Definition: A specific group of consumers at which a company aims its products
and services
Your target customers are those who are most likely to buy from
you. Resist the temptation to be too general in the hopes of
getting a larger slice of the market. That's like firing 10 bullets
in random directions instead of aiming just one dead center of the
mark--expensive and dangerous.
Try to describe them with as much detail as you can, based on
your knowledge of your product or service. Rope family and friends
into visualization exercises ("Describe the typical person who'll
hire me to paint the kitchen floor to look like marble...") to get
different perspectives-the more, the better.
Here are some questions to get you started:
- Are your target customers male or female?
- How old are they?
- Where do they live? Is geography a limiting factor for any
reason?
- What do they do for a living?
- How much money do they make? This is most significant if you're
selling relatively expensive or luxury items. Most people can
afford a carob bar. You can't say the same of custom murals.
- What other aspects of their lives matter? If you're launching a
roof-tiling service, your target customers probably own their
homes.
Once upon a time, business owners thought it was enough to
market their products or services to "18- to 49-year olds." Those
days are a thing of the past. Because the consumer marketplace has
become so differentiated, it's a misconception to talk about the
marketplace in any kind of general way anymore. Now, you have to
decide whether to market to socioeconomic status or to gender or to
region or to lifestyle or to technological sophistication. There's
no end to the number of different ways you can slice the pie.
Further complicating matters, age no longer means what it used
to.

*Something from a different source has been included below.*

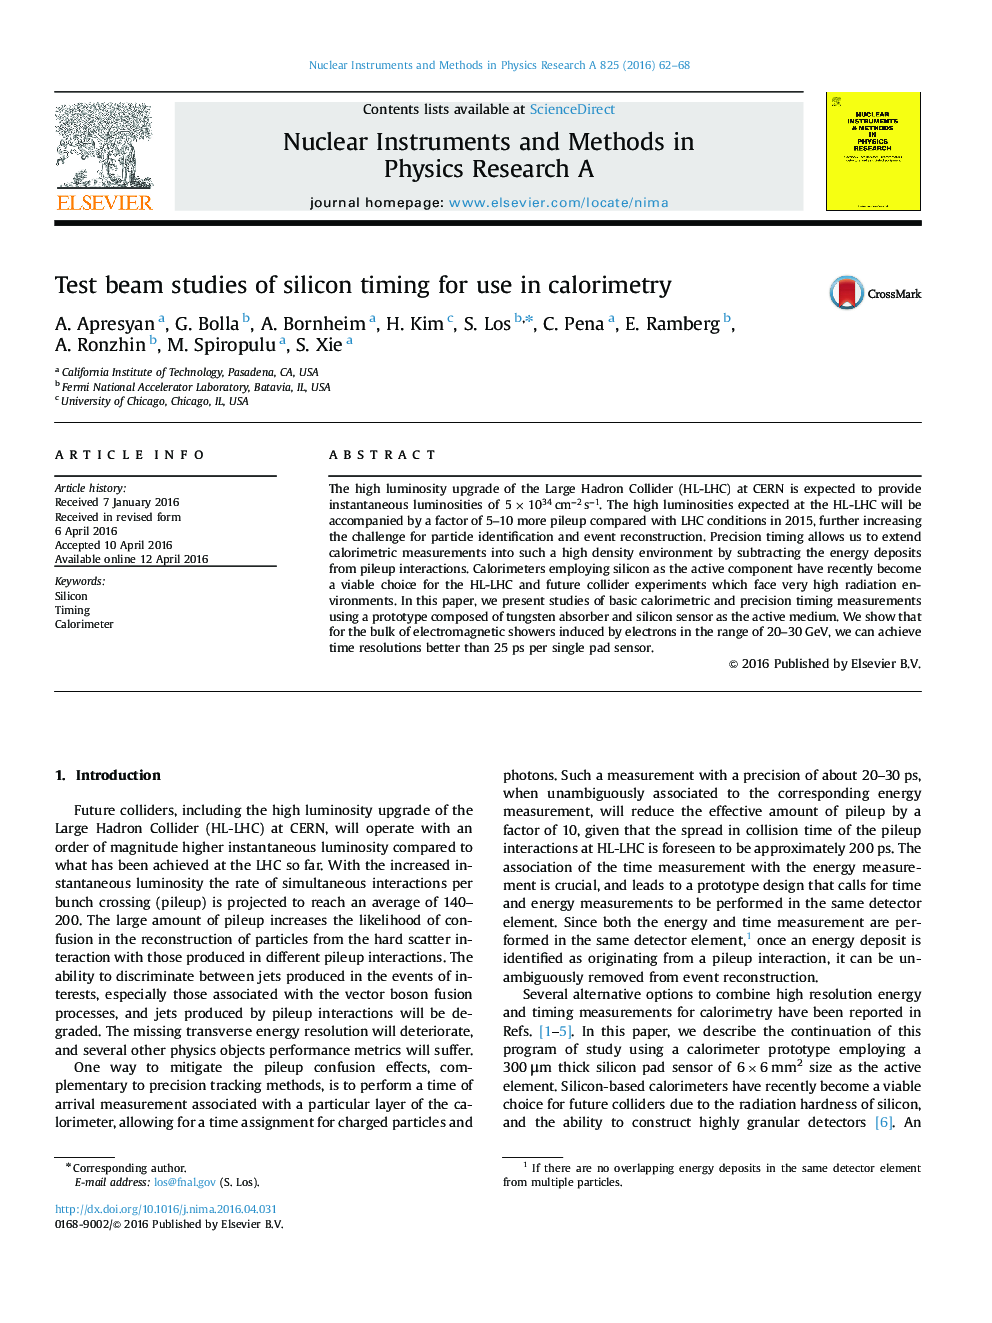 Test beam studies of silicon timing for use in calorimetry
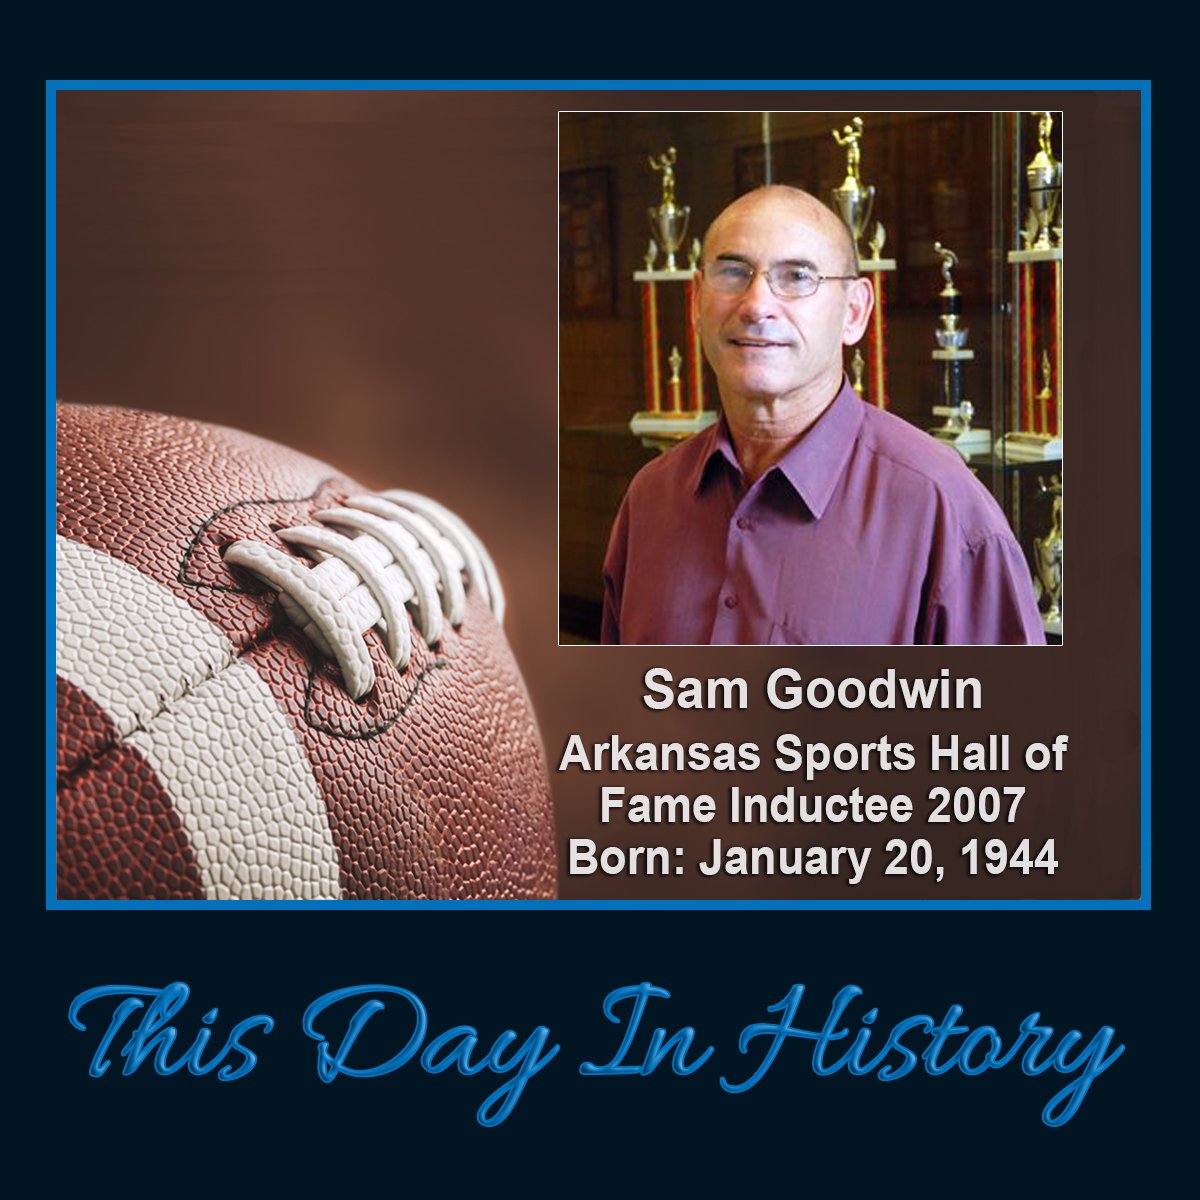 Sam was a football NAIA All-American at Henderson State (HSU).and was named All-AIC on both offense and defense. He became one of Arkansas’ most successful high school coaches at LR Parkview. He won state championships in 1974 and 1976. 2007 ASHOF Inductee.

Fifty-year-old baby boomers prefer rock 'n' roll to Geritol;
30-year-olds may still be living with their parents. People now
repeat stages and recycle their lives. You can have two men who are
64 years old, and one is retired and driving around in a Winnebago,
and the other is just remarried with a toddler in his house.
Generational marketing, which defines consumers not just by age,
but also by social, economic, demographic and psychological
factors, has been used since the early 80s to give a more accurate
picture of the target consumer.
A newer twist is cohort marketing, which studies groups of
people who underwent the same experiences during their formative
years. This leads them to form a bond and behave differently from
people in different cohorts, even when they're similar in age. For
instance, people who were young adults in the 50s behave
differently from people who came of age during the tumultuous 60s,
even though they're close in age.
To get an even narrower reading, some entrepreneurs combine
cohort or generational marketing with life stages, or what people
are doing at a certain time in life (getting married, having
children, retiring) and physiographics, or physical conditions
related to age (nearsightedness, arthritis, menopause).
Today's consumers are more marketing-savvy than ever before and
don't like to be "lumped" with others--so be sure you understand
your target market. While pinpointing your market so narrowly takes
a little extra effort, entrepreneurs who aim at a small target are
far more likely to make a direct hit.